Here is the IMSLP list for the Op. 8 etudes, for example:

Screenshot 2023-05-18 at 7 07 09 AM

Otherwise it is difficult to locate the desired Etude purely by its number in the opus.

Computer reading of the title to identify genre should not be done, since the title can be spelled in several ways, such as "Study" in English, or "Étude" in French (adding the accent). Instead, the genre is encoded for computational use in the !!!AGN: record.

Here is the wikipedia entry for one of the etudes:

https://en.wikipedia.org/wiki/%C3%89tude_in_D-sharp_minor,_Op._8,_No._12_(Scriabin)

Notice that it is qualified with the key of D-sharp minor, since "Etude" by itself is ambiguous, since all of the works in Op. 8 have the same name.

The titles are for use by humans. For computer processing, the key designations are found in tandem interpretations within the data, such as *d#: in this case, so there is no standard reference record for key designations.


Related to this, there is an informal reference record called !!!title: which is used to display the title of works in VHV. VHV will display the OTL information only (plus the COM, although that is hardwired to the title display in VHV). You can construct a title other than or in addition to OTL with the !!!title record:

Here is a current view of the titles in VHV:

Screenshot 2023-05-18 at 7 20 53 AM

To enhance the title, you can add this reference record:

!!!title: @{OTL}, op. @{OPS}, no. @{ONM}
Screenshot 2023-05-18 at 7 23 03 AM

The structure @{XXX} is a template which will find the !!!XXX: reference record and insert it into the title string.

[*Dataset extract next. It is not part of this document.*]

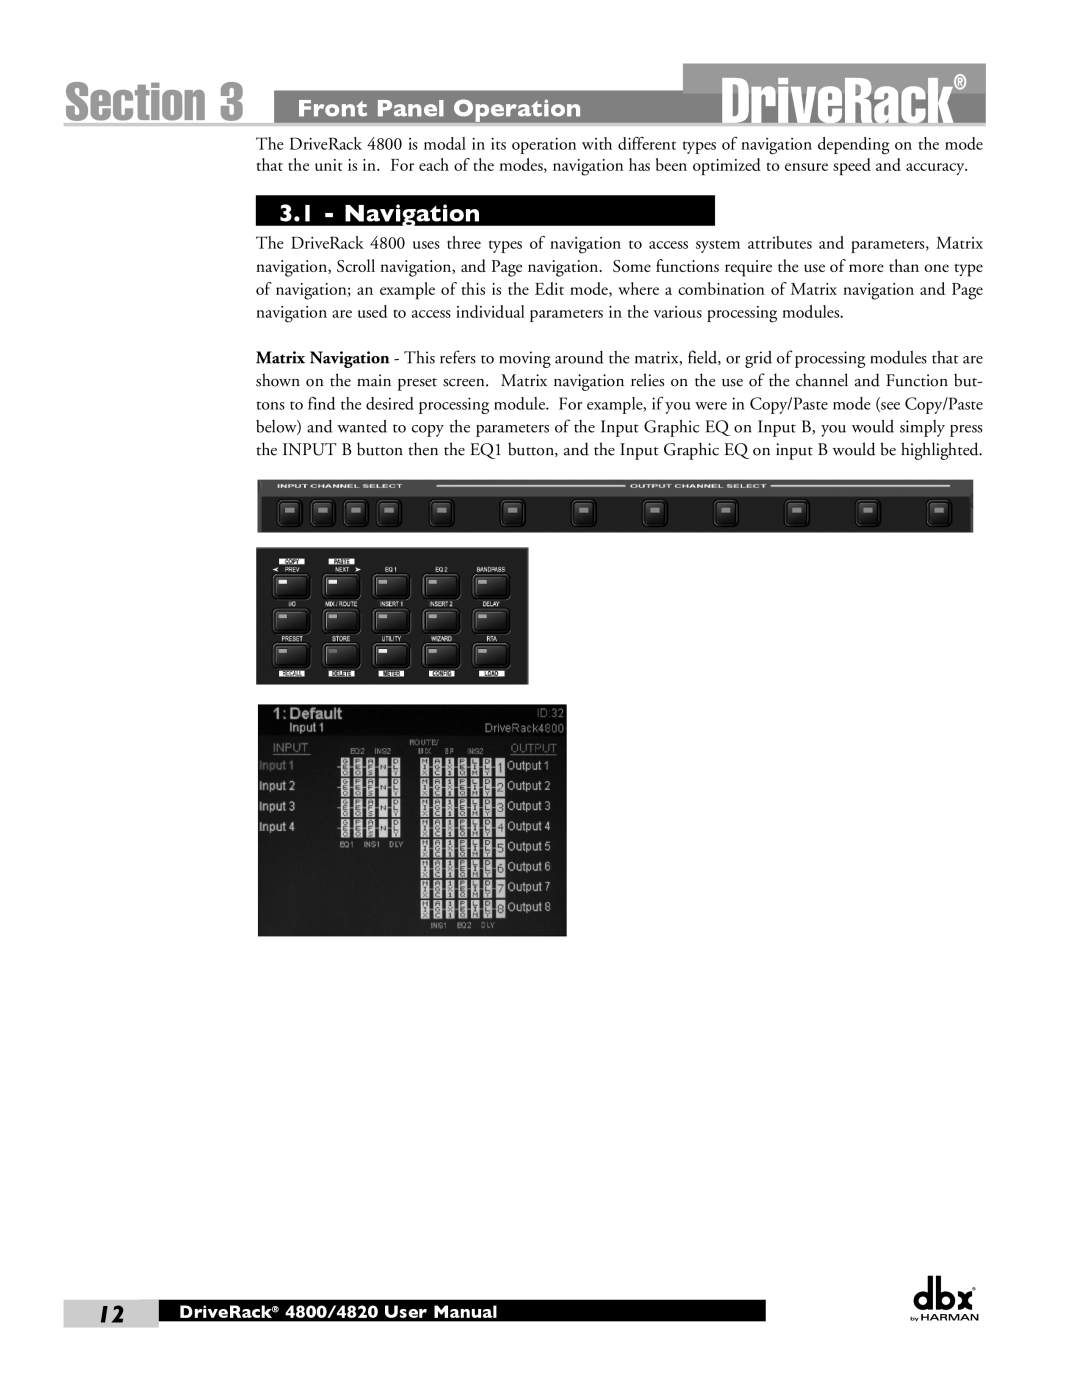 Harman user manual Front Panel Operation, Navigation, Section, DriveRack 4800/4820 User Manual

I would not bother with splitting out the key information for the title, but if you want to do that:

!!!COM: Scriabin, Alexander
!!!OTL: Etude
!!!key: D-sharp minor
!!!OPR: 12 Etudes
!!!OPS: 8
!!!ONM: 12
!!!ODT: 1894
!!!AGN: Etude
!!!title: @{OTL} no. @{ONM} in @{key}, op. @{OPS}

Which produces the most informative title in VHV:

Screenshot 2023-05-18 at 7 26 41 AM

I would put the !!!title: reference record at the bottom of the file since it is not an otherwise important reference record describing the work.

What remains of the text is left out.